Despite his lengthy resume, Sutherland had a dearth of accolades, winning but a few major acting awards for his performances — an Emmy and a Golden Globe for the 1995 miniseries “Citizen X” and another Globe for 2002’s “Path to War.” But the lack of award season hardware didn’t seem to trouble him.

“My career has been all downhill since the age of 11. I did my first play, ‘The Male Animal,’ at Toronto University’s Hart House theater. The audience laughed and applauded when I came on, they applauded when I went off, and they applauded when I came on again. I’ve never had it as good since,” he said.

In 2017 he was given an honorary Oscar, which recognizes extraordinary distinction in lifetime achievement and exceptional contributions to the state of motion picture arts and sciences.

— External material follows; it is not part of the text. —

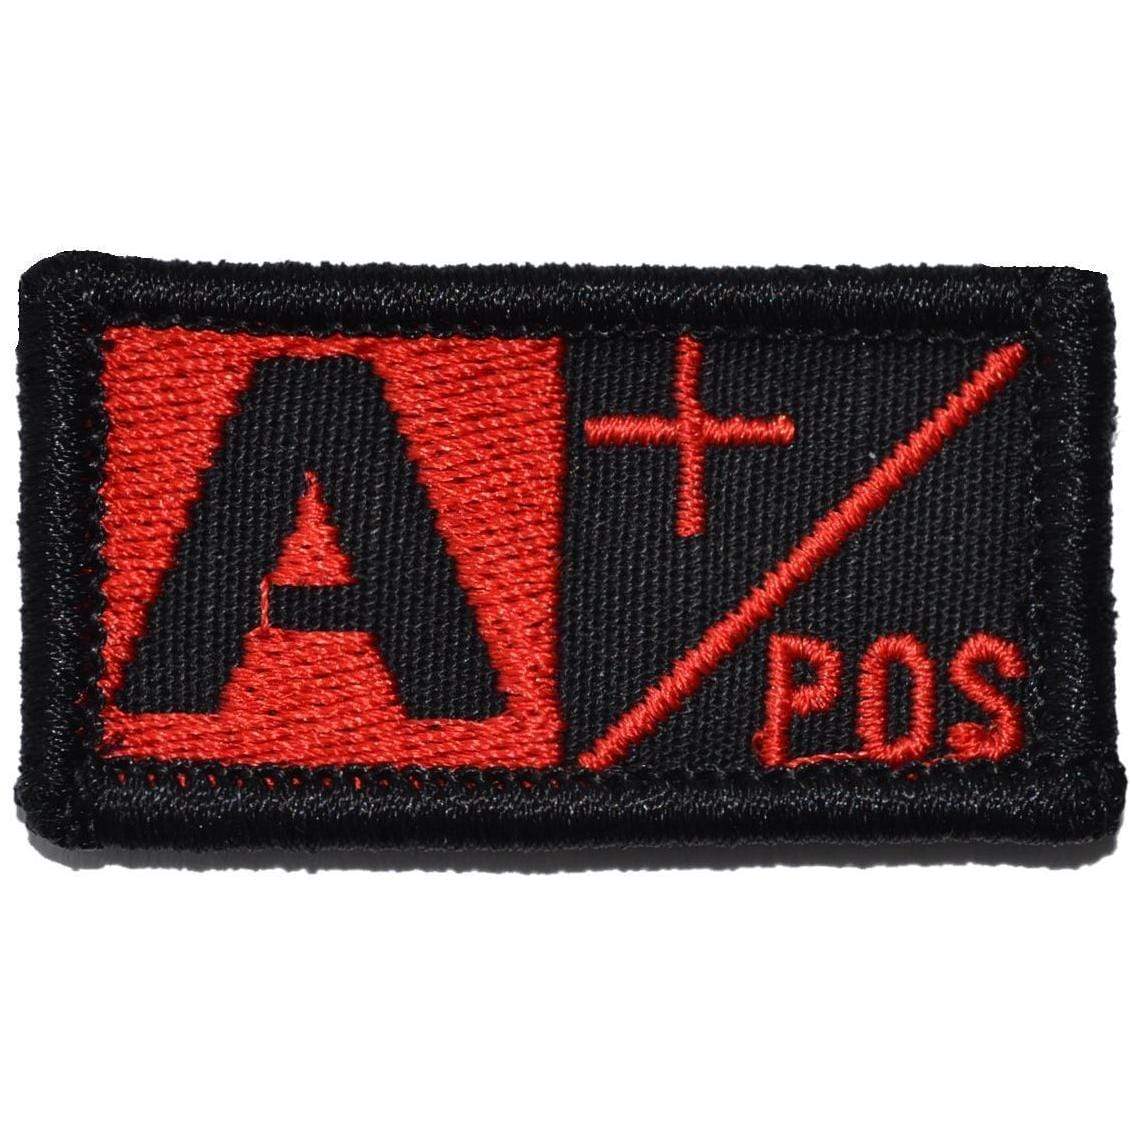 Tactical Gear Junkie Patches Black w/ Red Blood Type - 1x2 Patch
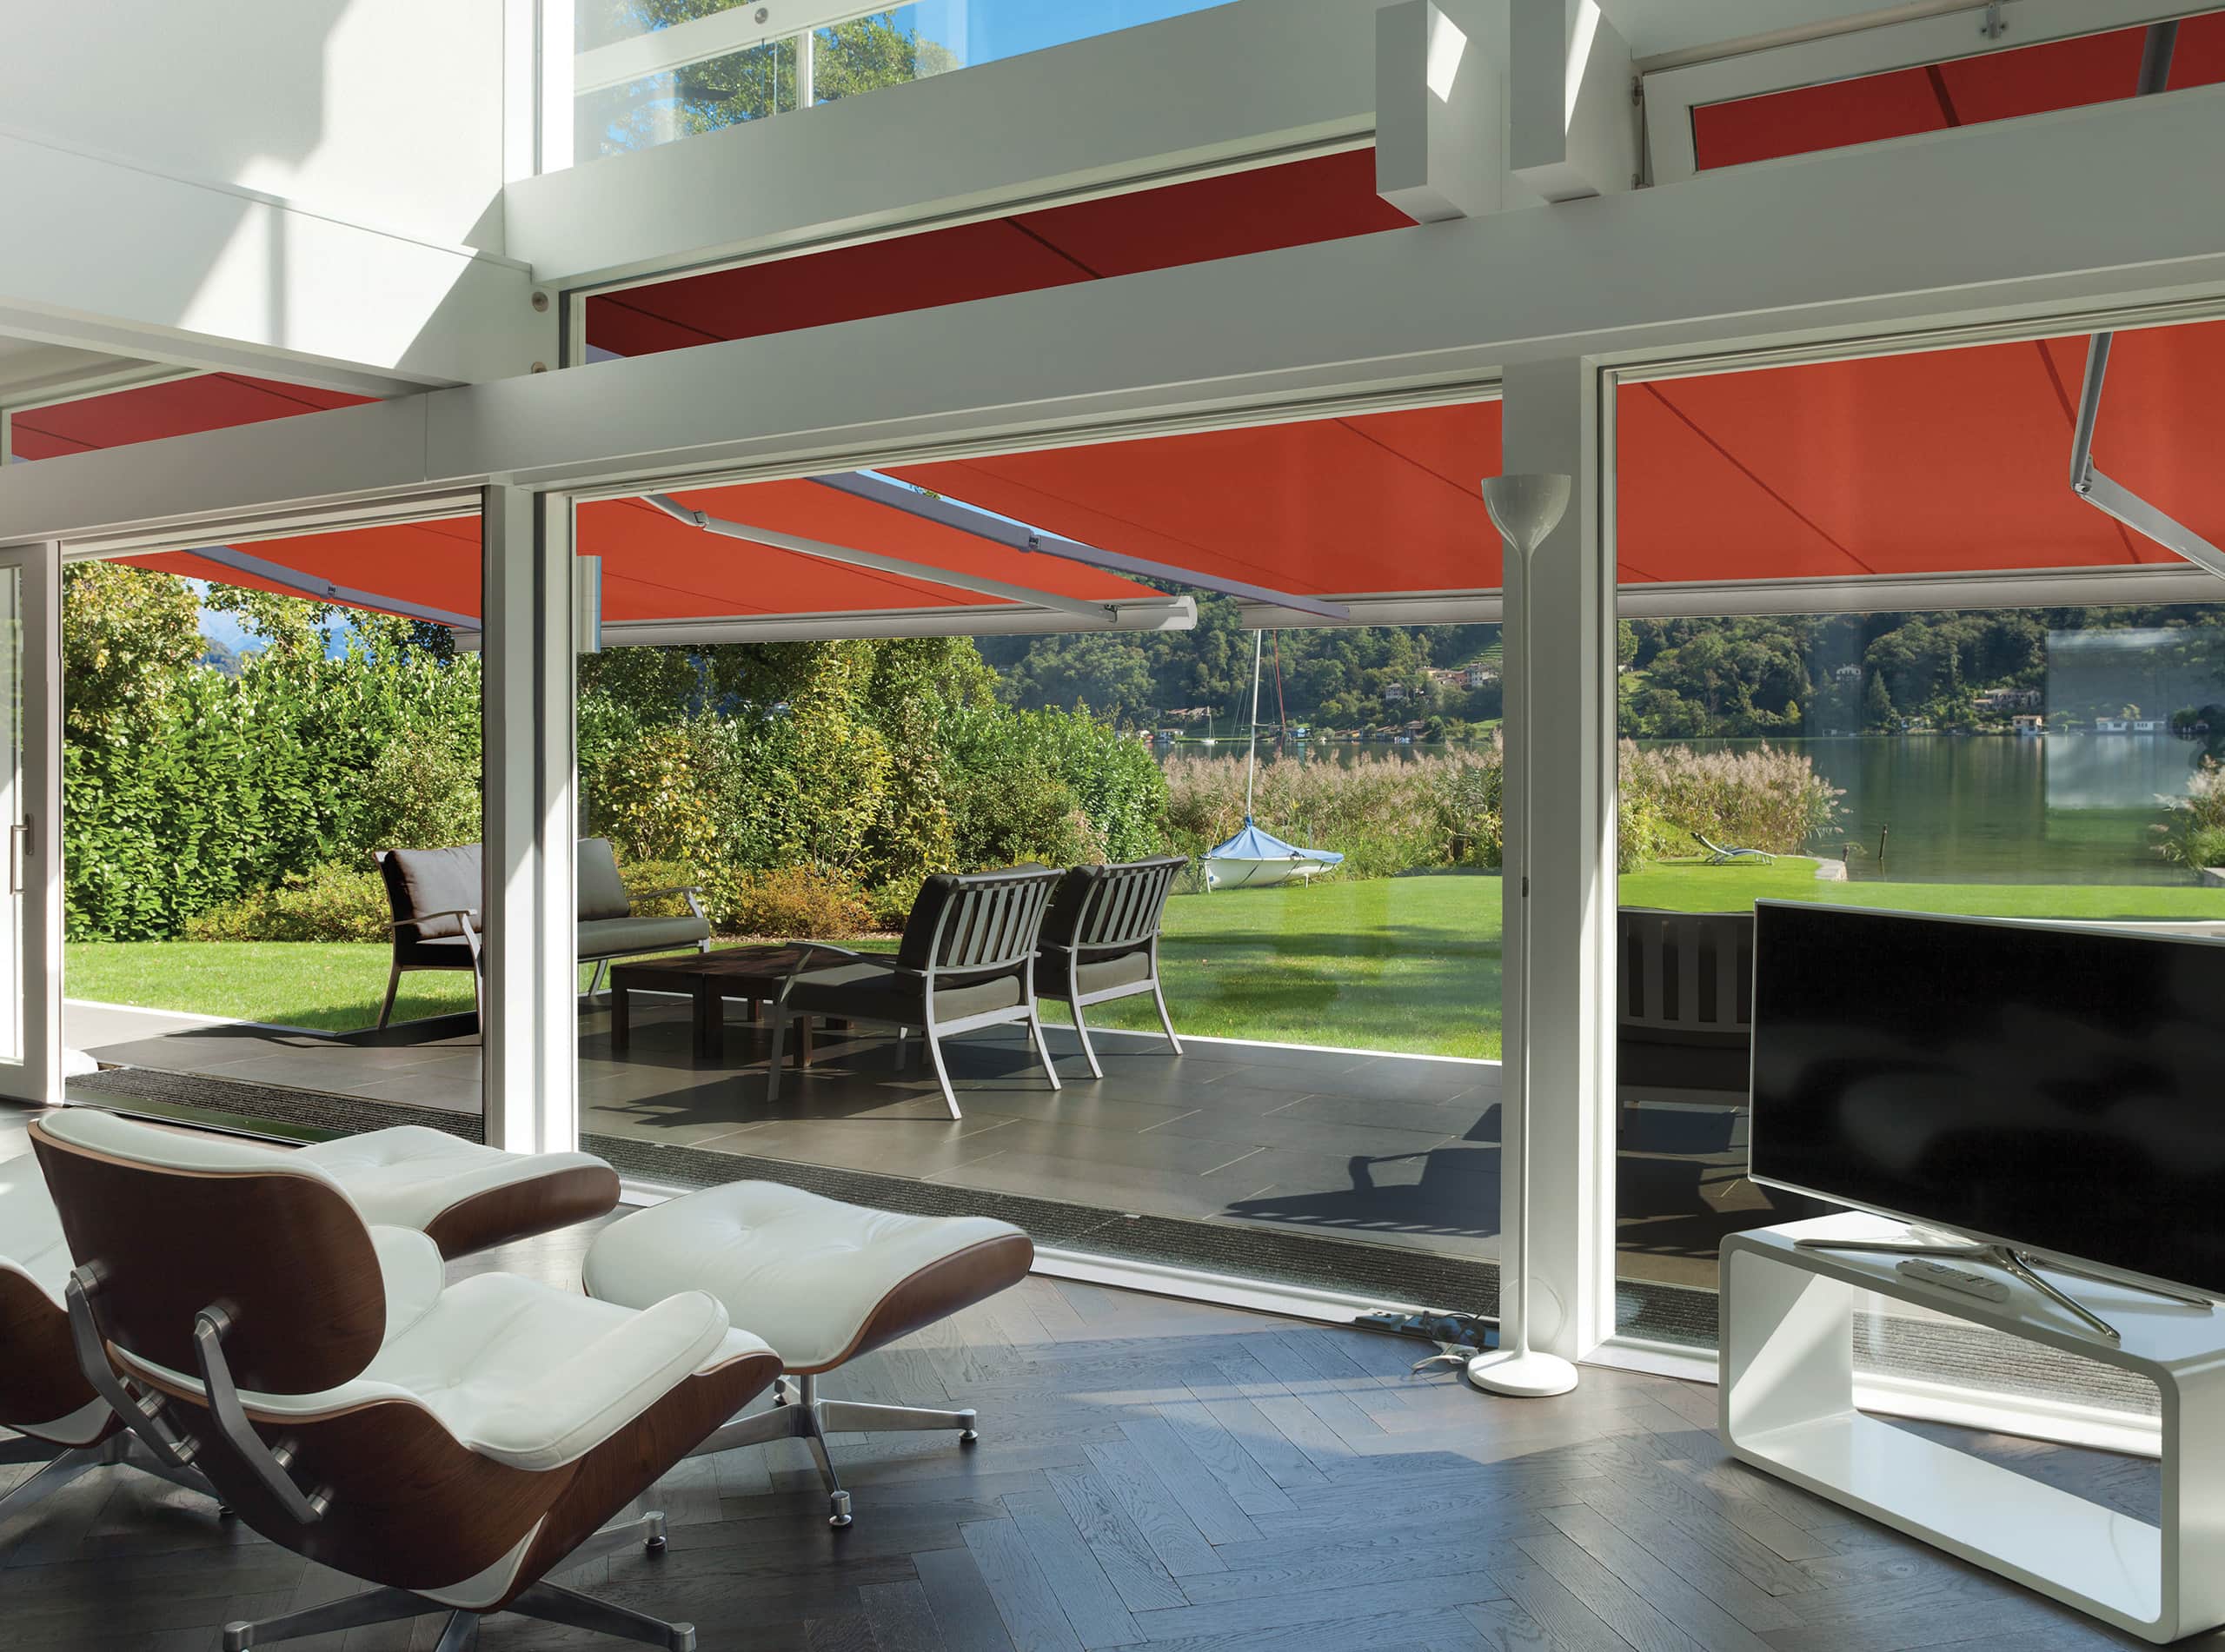 Pro Series Cassette Retractable Awning_Patio View

The actor’s short-lived romance with Jane Fonda after making “Klute” in 1971 introduced him to left-wing politics and a second career as a hard-charging activist. The two had met at a Black Panther Party benefit in Los Angeles where he voiced his opposition of the Vietnam War. Sutherland, Fonda and other antiwar activists went on to form the Free Theatre Associates as an alternative to Bob Hope’s USO tours in Vietnam. Documents declassified in 2017 revealed the CIA had placed him on a watch list because of his antiwar activities.

Donald Sutherland and Mary Tyler Moore
Donald Sutherland and Mary Tyler Moore star in the 1980 film “Ordinary People,” which was directed by Robert Redford.
(Paramount Studios)

Watching his father’s seminal films was a revelation for Kiefer Sutherland, who came to appreciate his father’s body of work as a teenager. “I knew he was a famous actor, but I didn’t know how prolific he was. I didn’t know how diverse all of those characters were.”

The younger Sutherland, best known for his leading role in the television drama “24,” said he even called his father to apologize for not knowing the magnitude of his career.

The two Sutherlands both appeared in Joel Schumacher’s 1996 thriller “A Time to Kill,” but they did not share any scenes. That changed when they played an estranged father and son in the western “Forsaken” in 2015.

Sutherland said he generally didn’t watch his films after they were released, but when he did, he said he noticed room for improvement.


“I have to be truthful — I am still looking forward when I look back. All I see are mistakes,” he told The Times. “When you are working on a picture, all of your concentration, all of your intensity is directed toward the heart of it, to such a degree it burns inside of you. Then after it’s over, it’s gone.”

Sutherland is survived by wife Francine Racette; sons Roeg, Rossif, Angus and Kiefer; daughter Rachel, and four grandchildren, including “Veep” actress Sarah Sutherland.